──────── INPUT DATA ────────
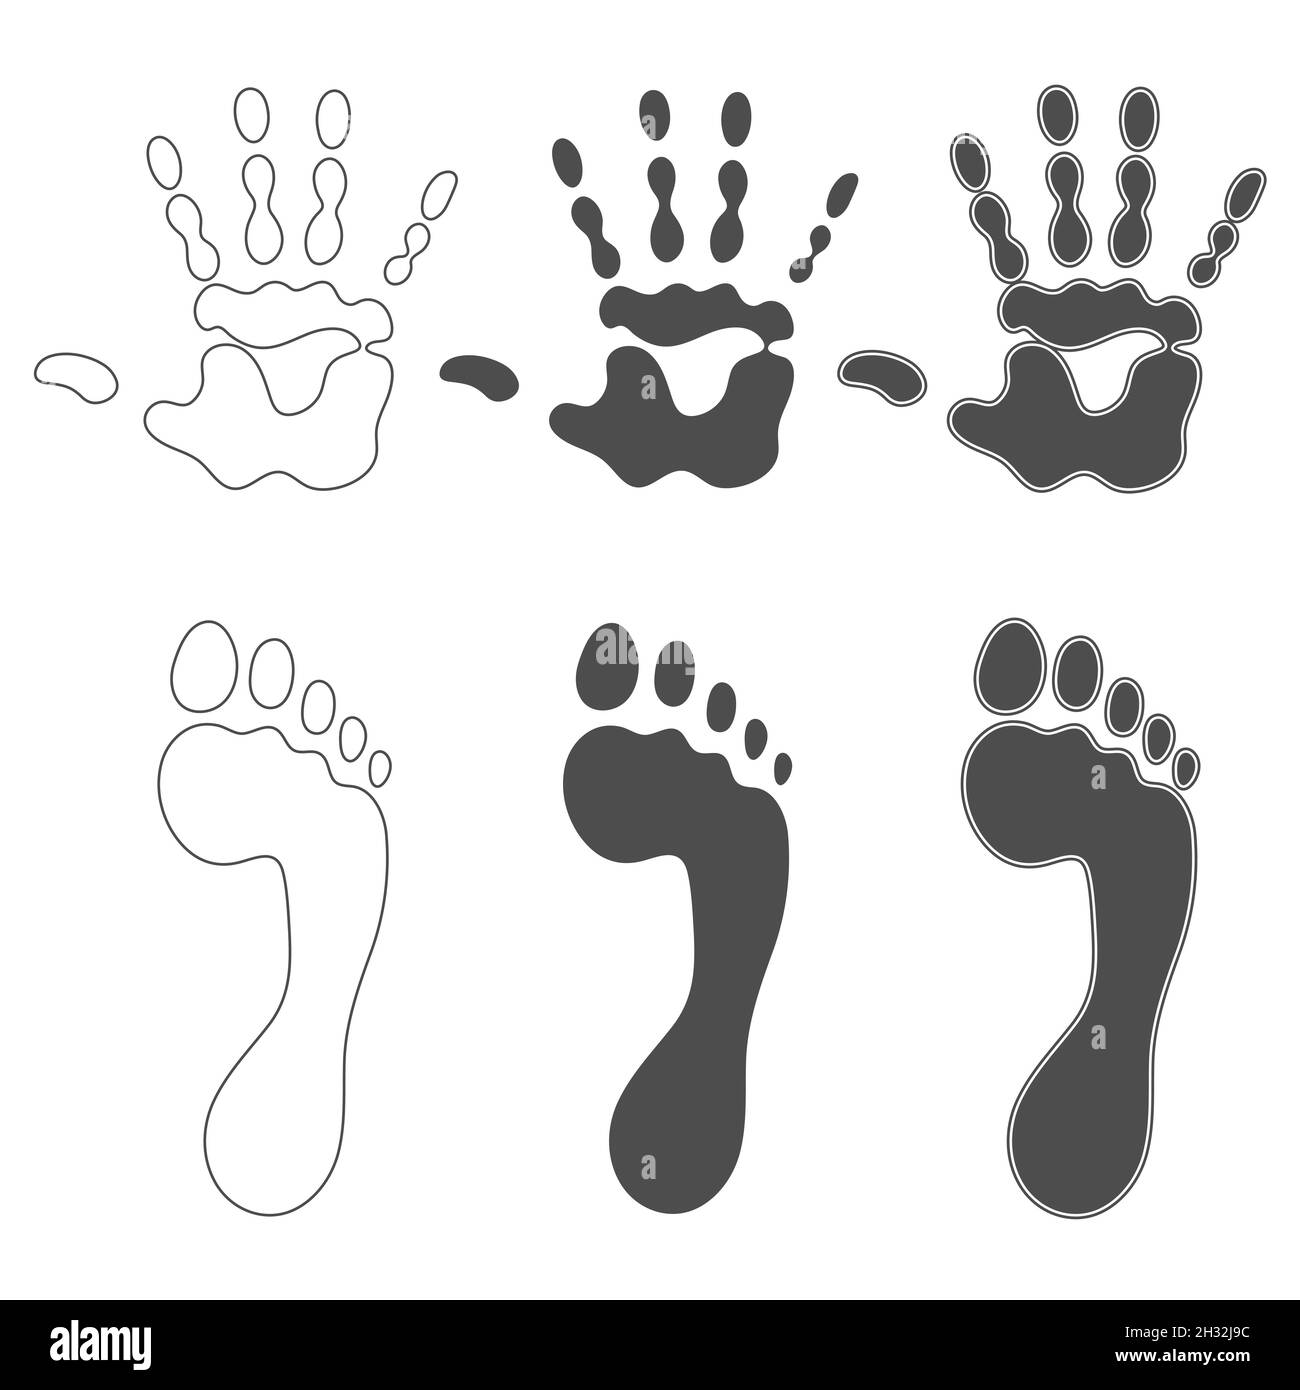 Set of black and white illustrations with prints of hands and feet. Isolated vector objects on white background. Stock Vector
────────
──────── INPUT DATA ────────
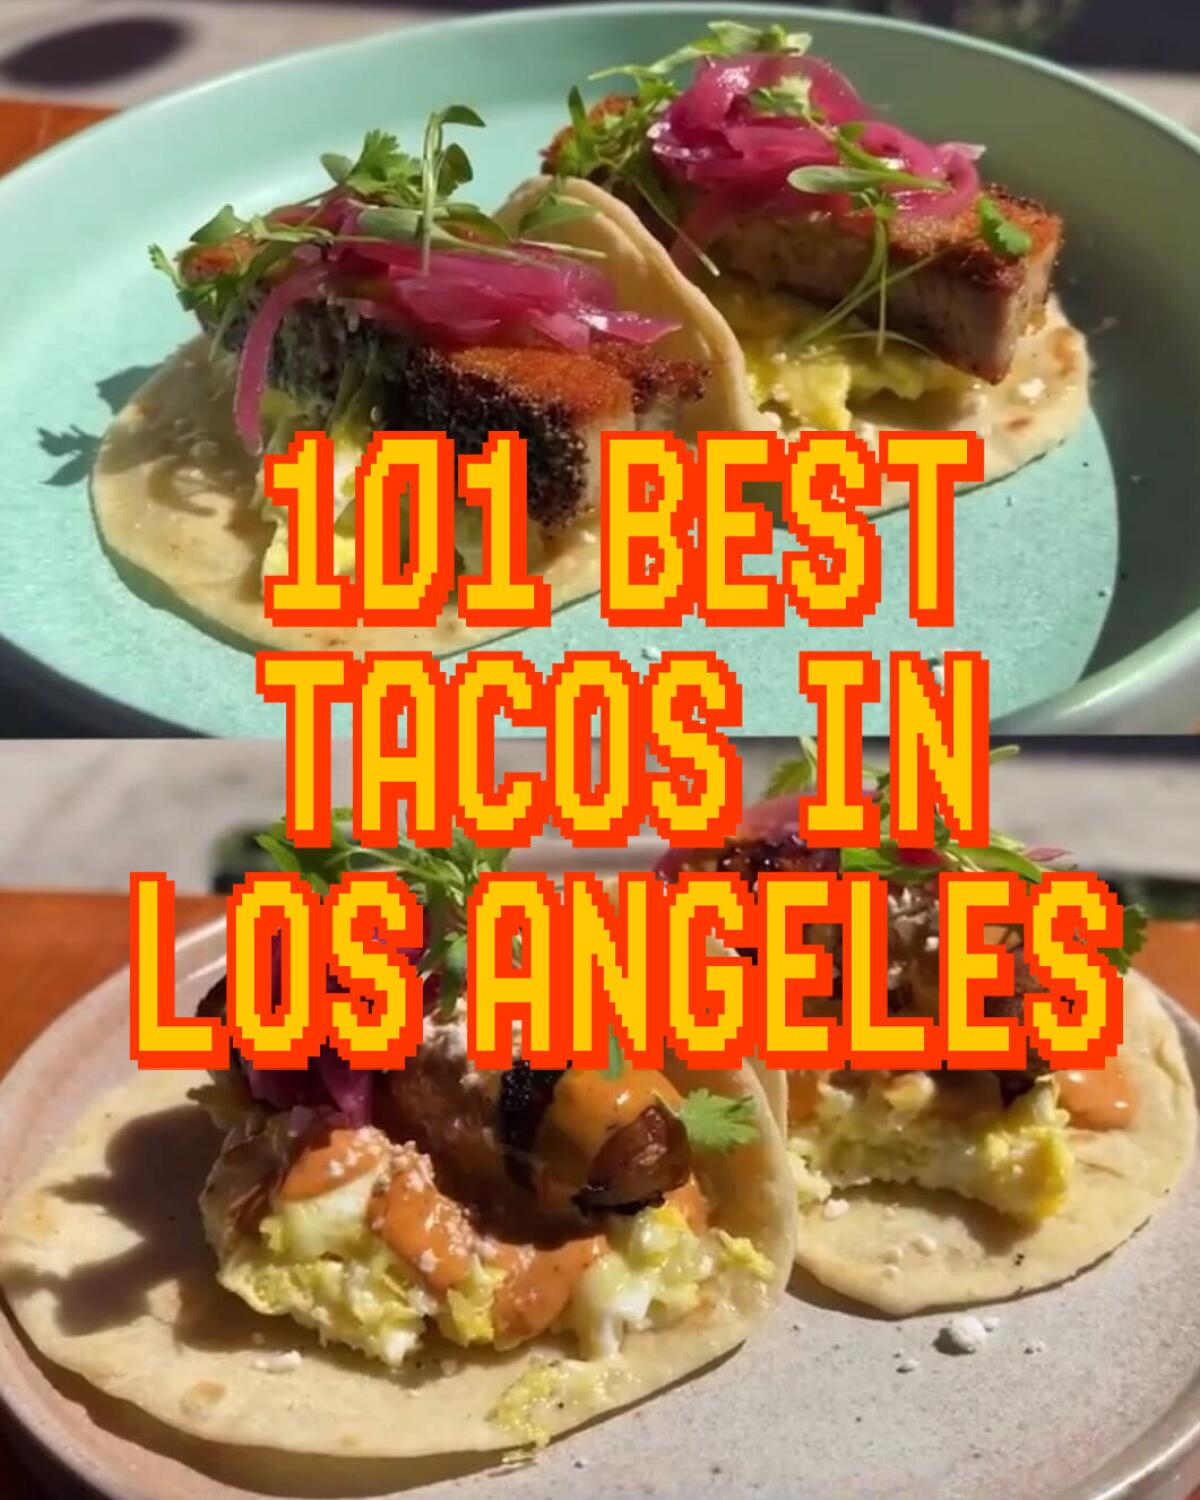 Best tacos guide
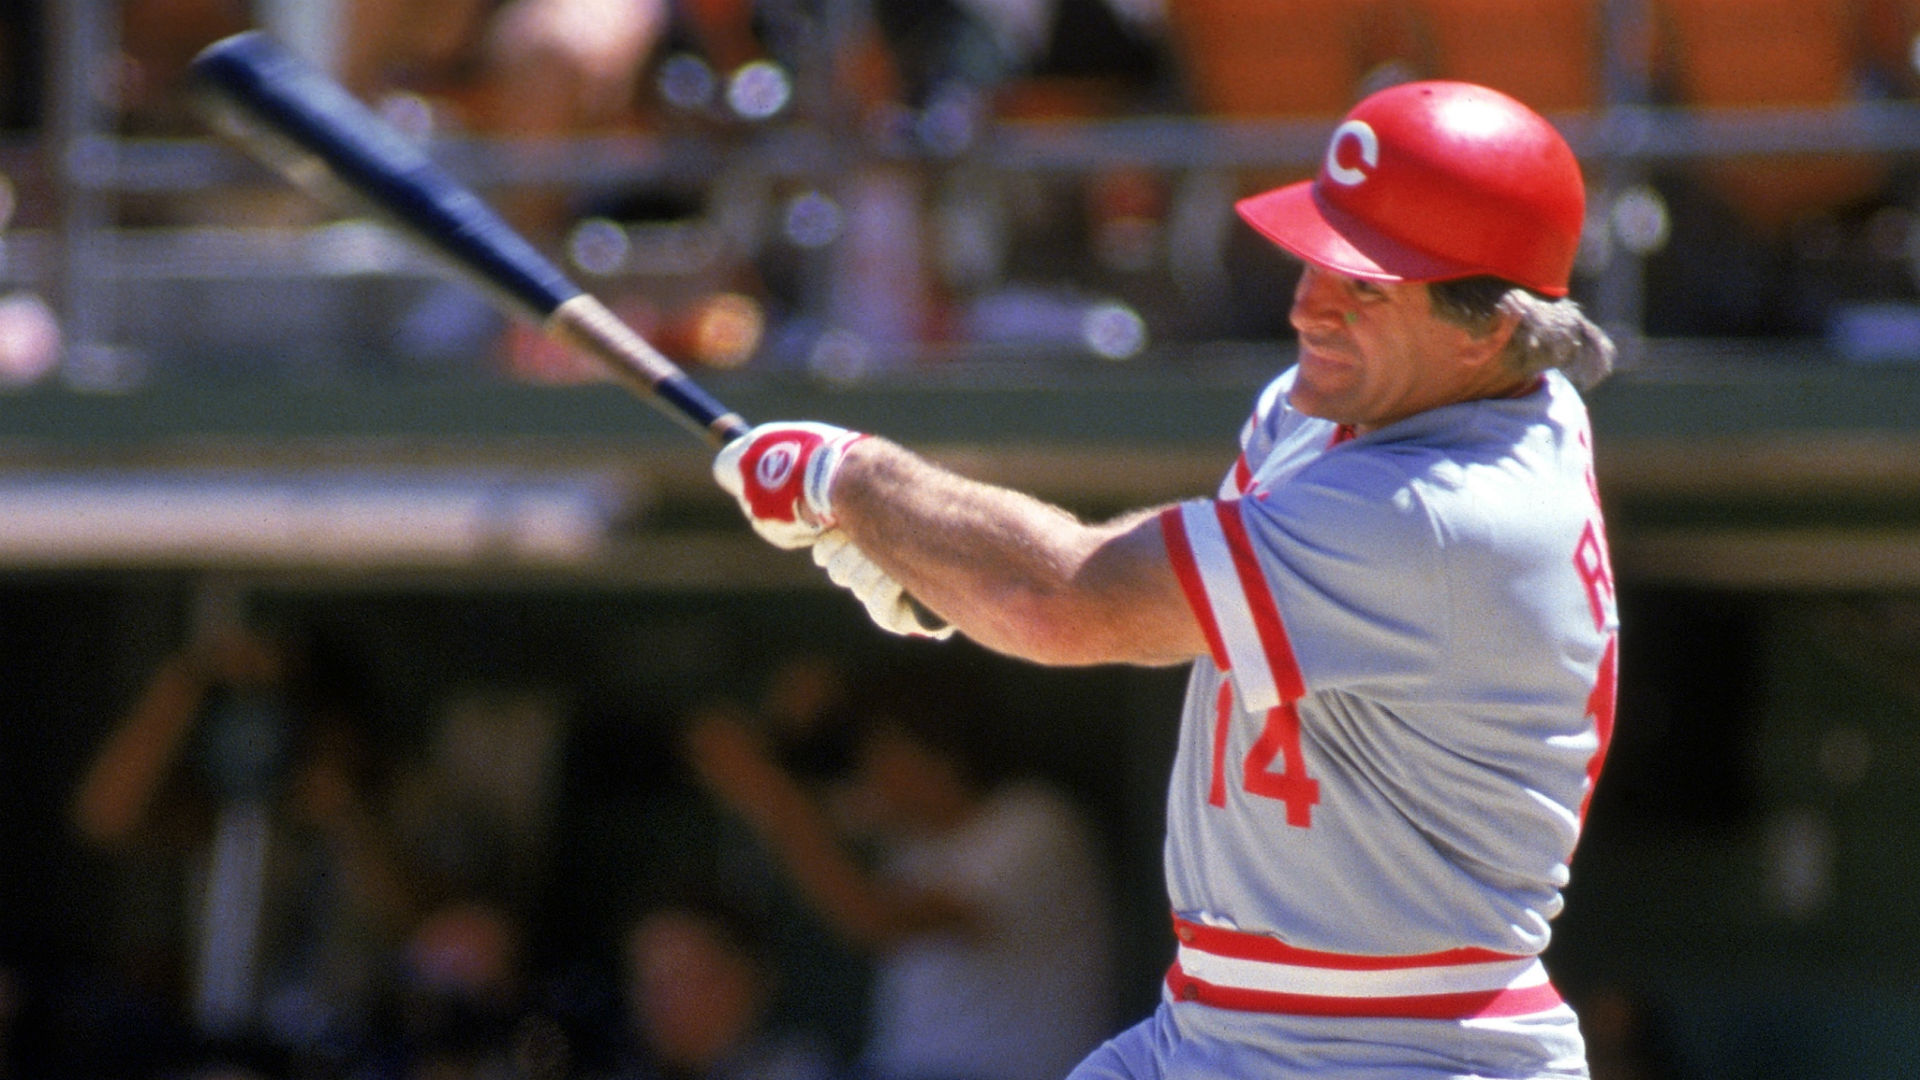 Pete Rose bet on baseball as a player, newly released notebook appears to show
────────
* _BRIEF_
Transcribe the lines above exactly, beginning at the one with "Best tacos guide" and ending at the one with "Pete Rose bet". Include both; exclude the pictures.

* _WORKED SOLUTION_
 Best tacos guide
 Pete Rose bet on baseball as a player, newly released notebook appears to show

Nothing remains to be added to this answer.